What current problems would a flat tax system solve?

- Confusion: there are hundreds if not thousands of exemptions and “if this but not that except if this…” rules. They make it difficult if not impossible for ordinary Americans to get a fair shake on April 15th.
- Inequity: One rate for all. No loopholes, no dodges, no accountants, no lawyers. You and Donald Trump pay the same portion of your incomes, the same way.
- Bureaucracy: When the rules are simple enough for even mere mortals to understand, there is no need for a bloated, expensive, and often oppressive IRS bureaucracy. The IRS would continue to exist, but it would need a much smaller building and would siphon off many fewer taxpayers’ dollars.
- Gamers: Why are so many companies moving their main offices offshore? Why do investors sell off stocks at the end of the year? Why do big-money businessmen open Swiss bank accounts? Because they are trying to game the system to reduce their tax exposure. With rates lowered, there are fewer incentives to play (and less effort spent playing) these games. And greater overall transparency, which exposes cheaters.
- Revenue: According to the UK’s Adam Smith Institute, states that adopt a flat tax “have found the low flat rate produces more tax revenue than the complex system which went before.” Low rates stimulate investment and achievement, which leads to growth, more profits, and more tax revenue. Q.E.D.

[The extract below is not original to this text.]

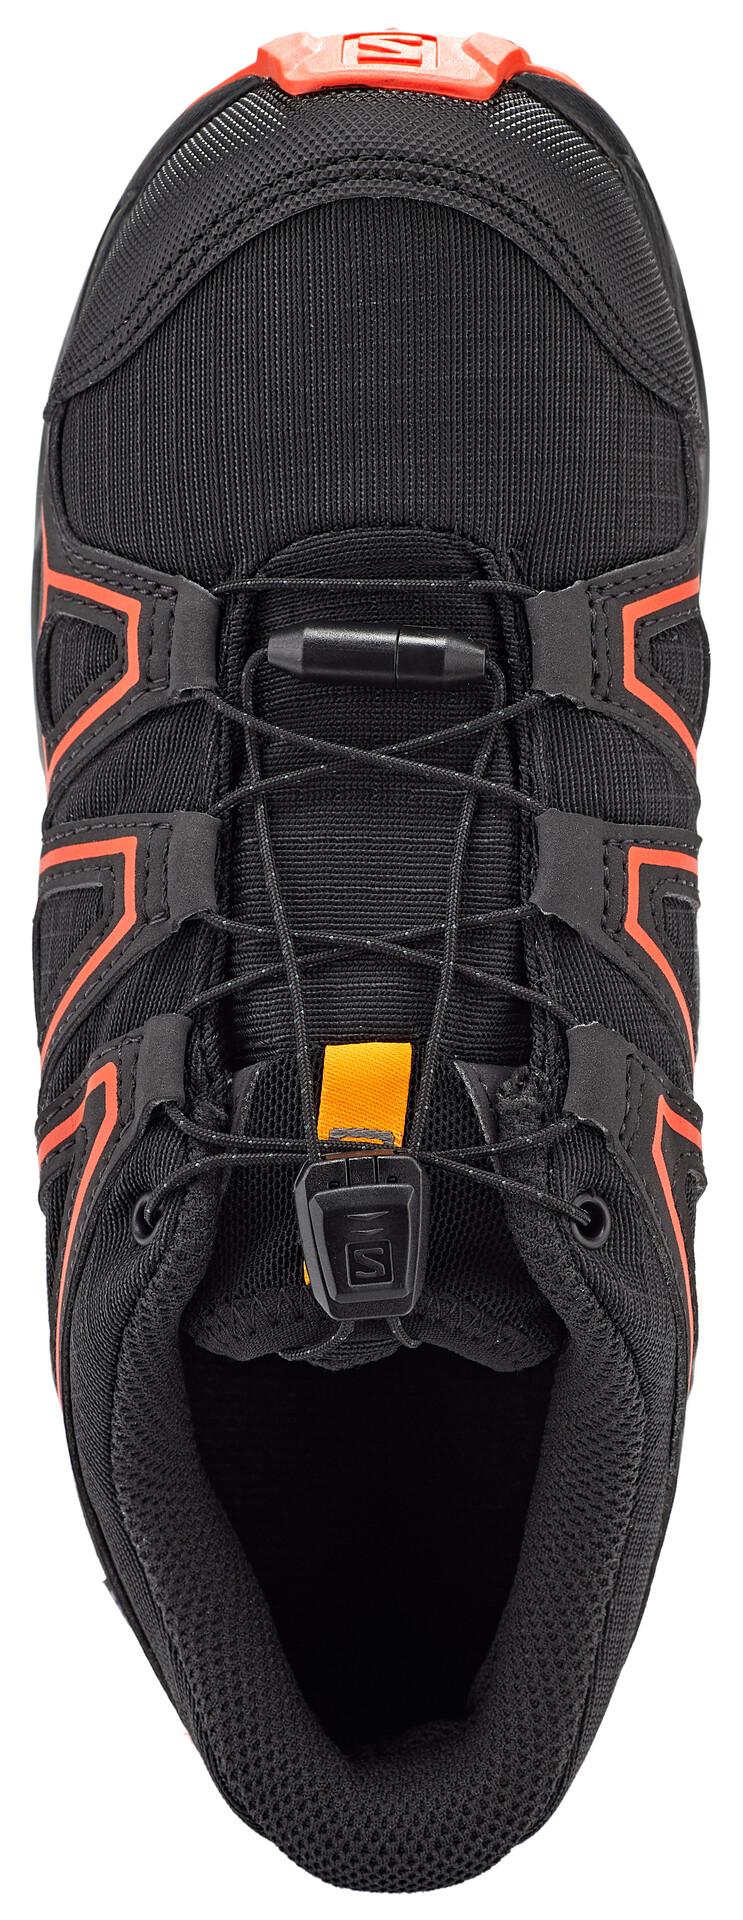 Salomon Speedcross CSWP Chaussures Enfant, blacktangelocherry tomato

In fact, the concept of a flat tax is gaining popularity abroad, ironically in tax-happy Europe. Despite attempts by EU heavyweights France and Germany to impose their beliefs on incoming member states, many new EU countries have moved to a flat or near-flat tax. The Adam Smith Institute’s Andrei Grecu did a survey of nine countries with a flat tax, and found that almost without exception, the system has been beneficial. All three Baltic States (Lithuania, Latvia and Estonia) have a flat tax, as do Russia, Serbia, Slovakia and Ukraine. These last three are recent additions to the flat tax club, but the Balts have been making it work for a decade and have some of the highest GDP growth rates in Europe. Even Russia, economic basket case that it is, has experienced significant GDP growth since adopting the flat tax (and, moreover, has doubled tax receipts – notable in a country where tax evasion was a popular pastime).

Flat tax detractors will drag out the usual litany of scare tactics about poor people paying more taxes. They will complain that this is yet another example of greedy Republicans giving breaks to Corporate America. And they will worry that the flat tax won’t be applied fairly. What really galls them, though, is that they believe rich people should pay more.

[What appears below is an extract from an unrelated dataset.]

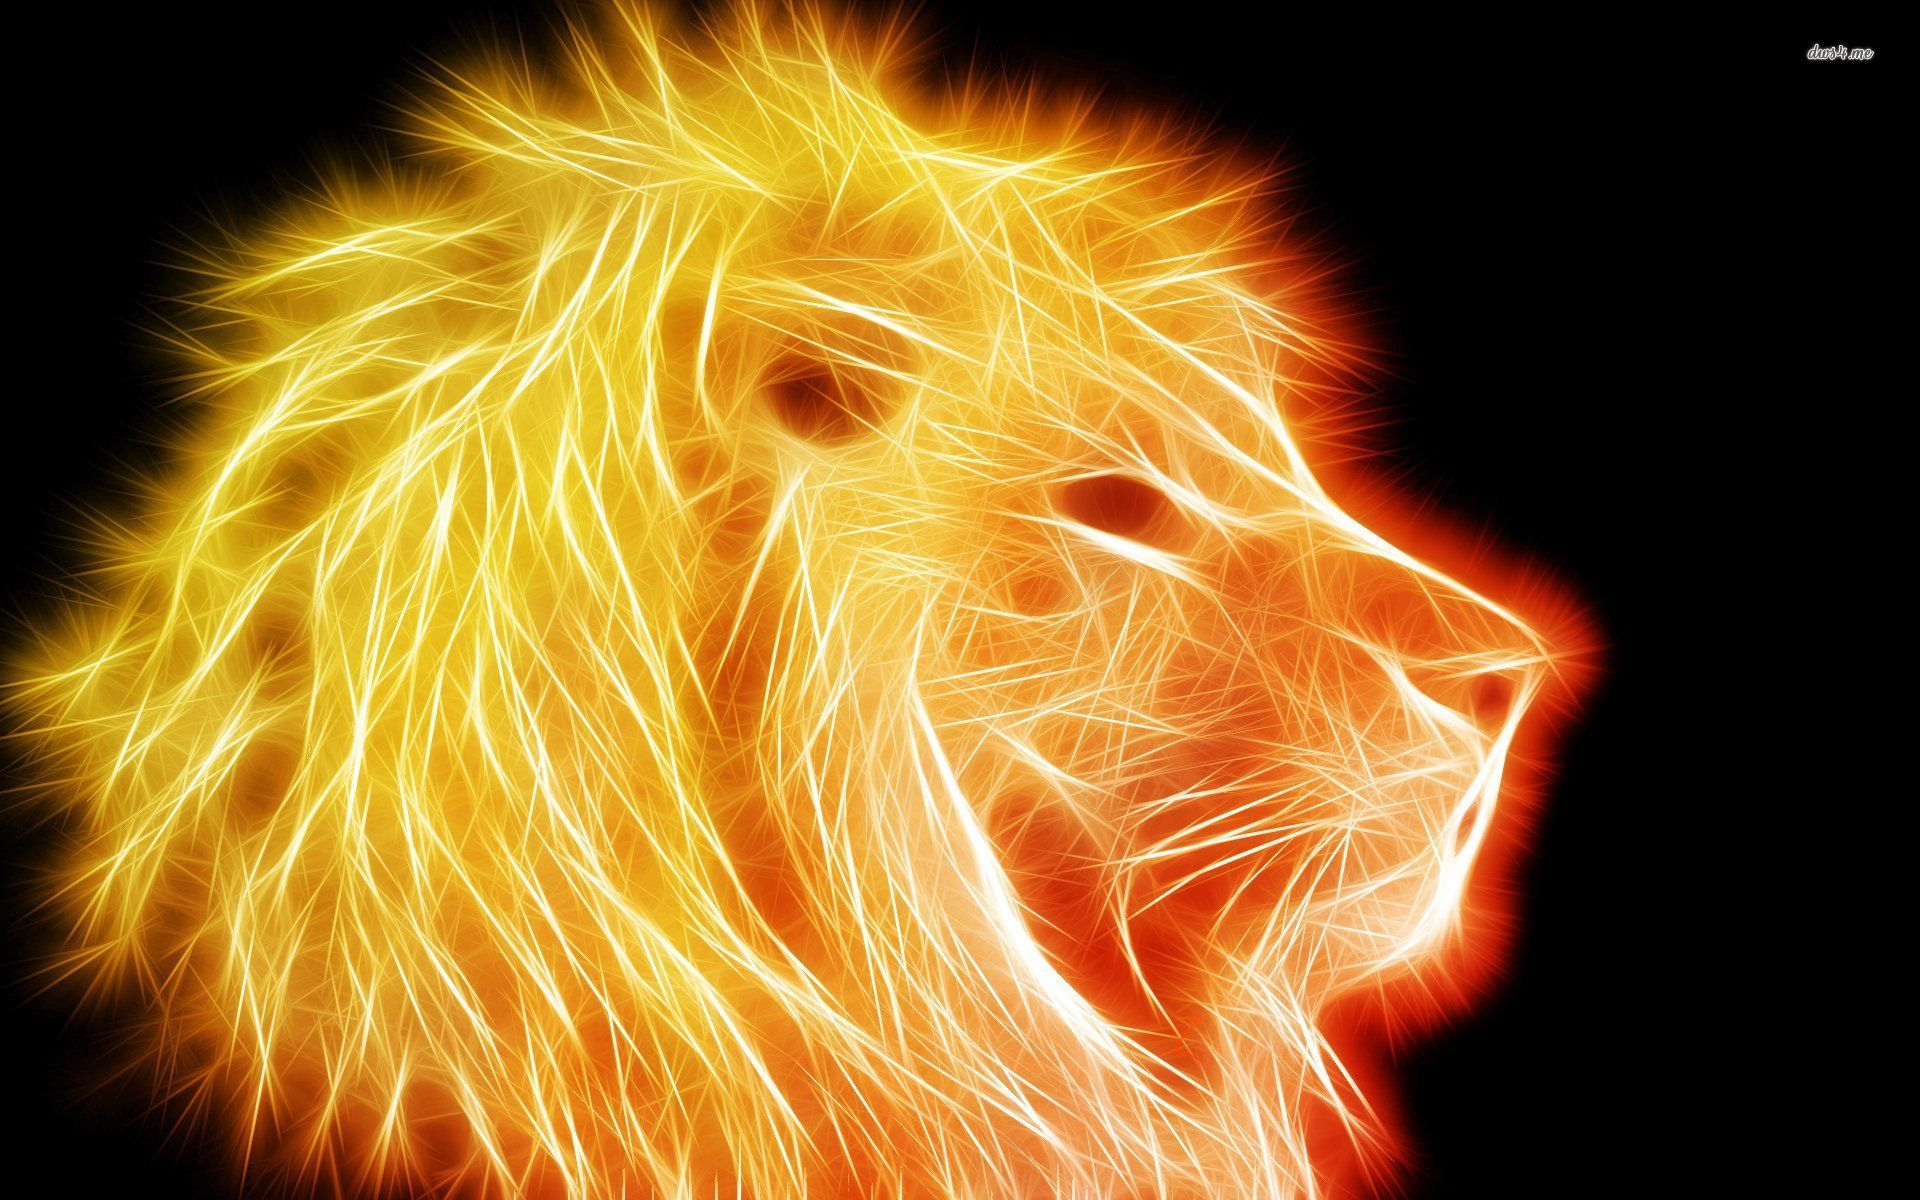 Glowing Golden Lion Wallpaper - Lion Hd Wallpaper Neon , HD Wallpaper & Backgrounds

Which is why the Bush Flat Tax has to be done right. It must:

- Be fair: All income must be eligible. Work income, capital gains, dividends, interest, the whole lot. This was the Achilles’ Heel of earlier flat tax proposals.
- Be flat: Three brackets do not a flat tax make. The code might be simpler, but it would not be flat, and it would not accrue as many benefits as a truly flat tax.
- Have a floor: Those below a minimum income level (we’ll leave it to the economists to sort out where that line is) must be exempt. But nobody should be paying a larger percentage of his income when the flat tax goes into effect, least of all the working poor.
- Be reasonable: Excepting the lowest earners, a flat rate of approximately 21-24% would end up being less than most households currently pay and well within what they are willing to pay. Americans are eminently reasonable and don’t expect to go from paying 28% to 5% overnight. Moreover, over time the rate will decrease as revenues rise (this assuming that Congress and the White House are able to finally exercise some fiscal restraint on matters other than the War on Terror).

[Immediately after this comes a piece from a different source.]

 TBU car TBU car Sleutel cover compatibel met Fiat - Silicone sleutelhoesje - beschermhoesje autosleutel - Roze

On the domestic front, President Bush could do far worse than have a revitalized and simplified tax structure as the cornerstone of his second term. As in the first term, he can lower taxes for all Americans. Make payment less of a chore. Create a more equitable system; stop punishing success. And above all, stimulate growth rather than bureaucracy. All in all, not a bad legacy.

The second term hasn’t begun, but the clock is already ticking.